By contrast, a brief review of studies conducted in Malaysia showed generally higher rates of severe depressive symptoms (i.e., those suggestive of a major depressive disorder). These findings, however, are somewhat difficult to interpret because the studies conducted in Malaysia use numerous different measures of depression as well as inconsistent samples. For example, one study estimated an 11.3% rate of depression using the Hospital Anxiety and Depression Scale (Wong and Lua, 2011). Another study using the Patient Health Questionnaire-9 reported a 12.3% rate of depression among urban poor in Peninsular Malaysia (Tan and Yadav, 2015), whereas a different study using the same scale estimated a depression rate of 10.3% among a general sample of adults in the state of Selangor (Kader Maideen et al., 2014). A recent study in the state of Penang (using the Geriatric Depression Scale) found that 19.2% of its elderly participants were experiencing severe depressive symptoms (Rashid and Tahir, 2015). Thus, all of these studies do appear to indicate that depressive symptoms are more common in Malaysia than in the United States. It is not clear, however, if the prevalence rate in Malaysia is closer to 11 or 19%. It is also not clear from these studies why people in Malaysia are experiencing depression.
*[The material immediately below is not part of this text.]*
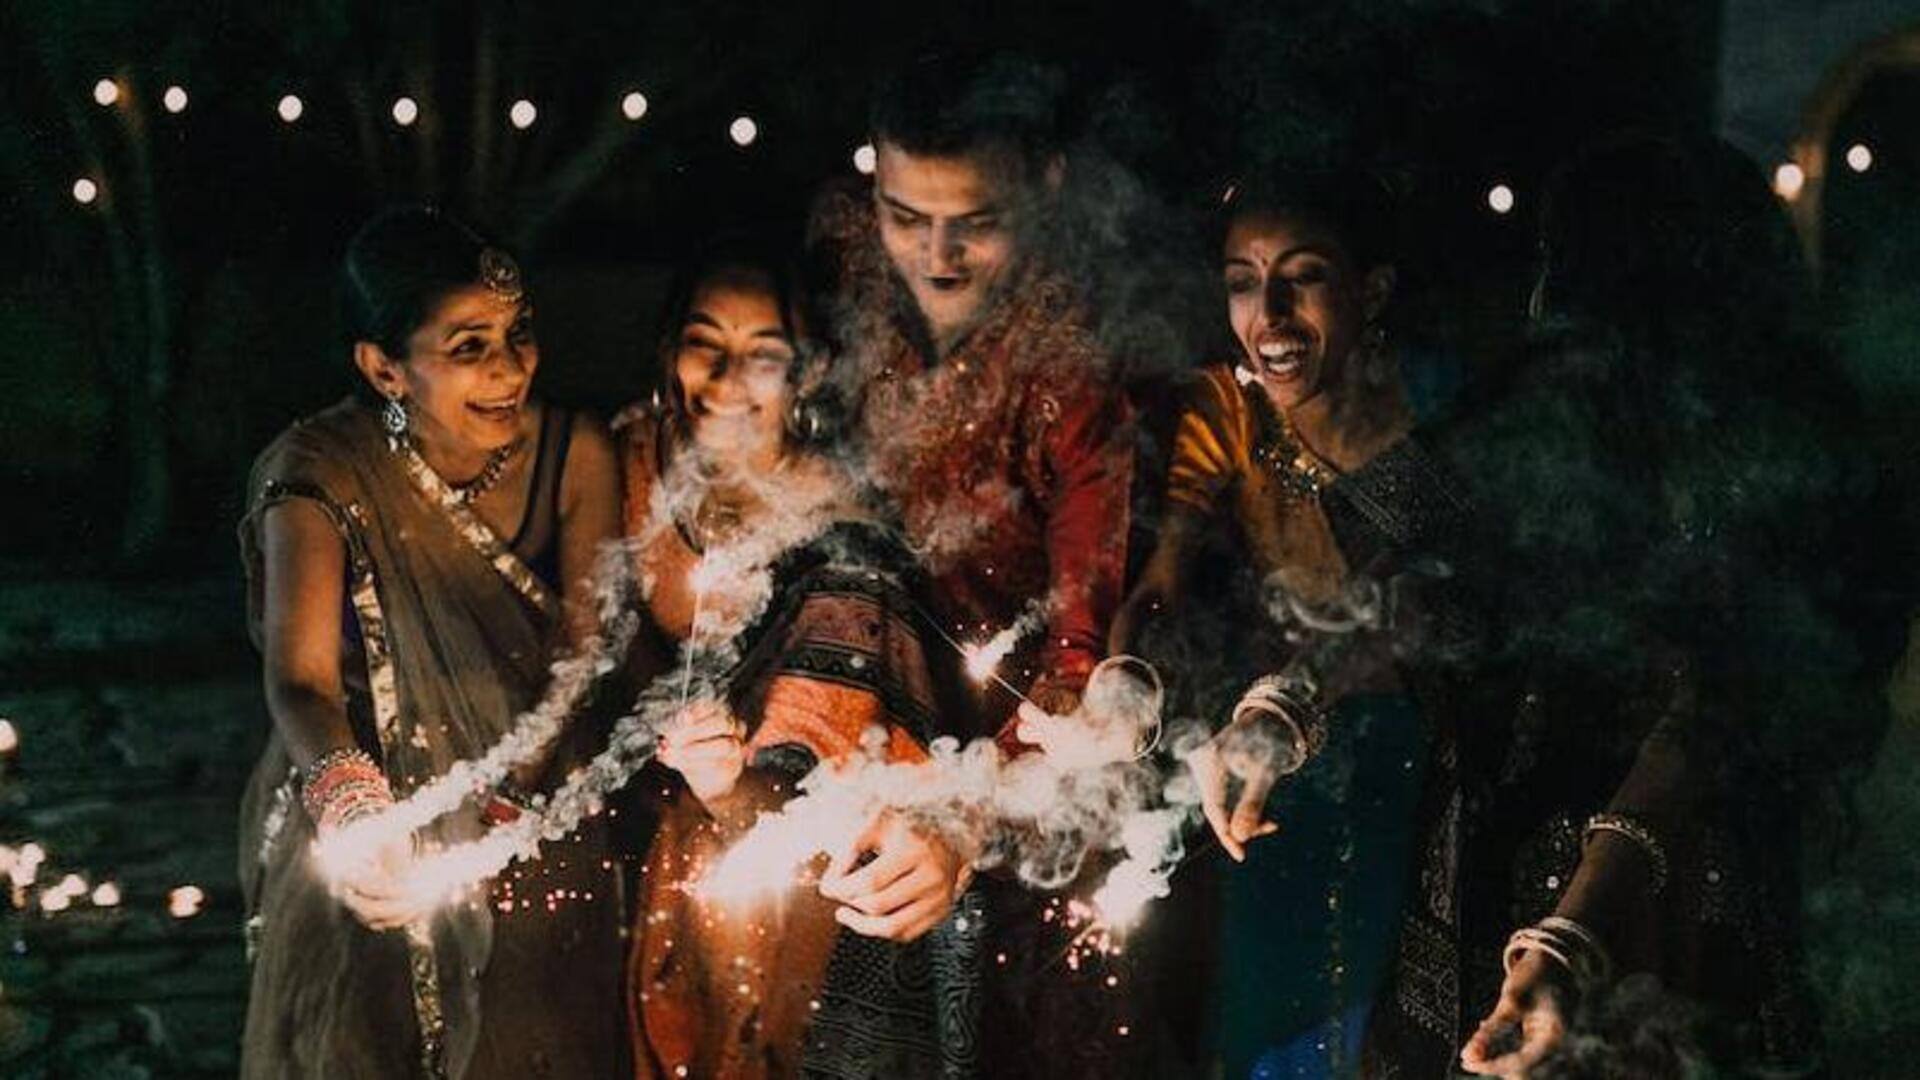 Diwali away from home? Here's what will cheer you up

One possible explanation for the inconsistent findings is that these previous studies often used measures of general well-being rather than those specifically designed to assess depressive symptoms. The current study aimed to address these issues by using Beck’s Depression Inventory (BDI-II; Beck et al., 1996) and a larger, more diverse sample of otherwise healthy adults. It also looked into potential causes of depression in Malaysia by looking at some common correlates which are discussed below.
Psychological Factors
Stress
Research shows that stress is an important contributor to depression (Richards et al., 2016). Although stress is the body’s natural response to any kind of demand or threat, when experienced at high levels, or over extended periods of time, it negatively affects mood, causes irritability, disrupts sleep patterns, and interferes with concentration. Research in Malaysia has shown that stressors such as problems at work, unhappy family relationships, and financial problems relate to depression (Rusli et al., 2008; Kader Maideen et al., 2014). Other research has shown that high levels of perceived stress predict more severe depressive symptoms (Bergdahl and Bergdahl, 2002; Sangon, 2004).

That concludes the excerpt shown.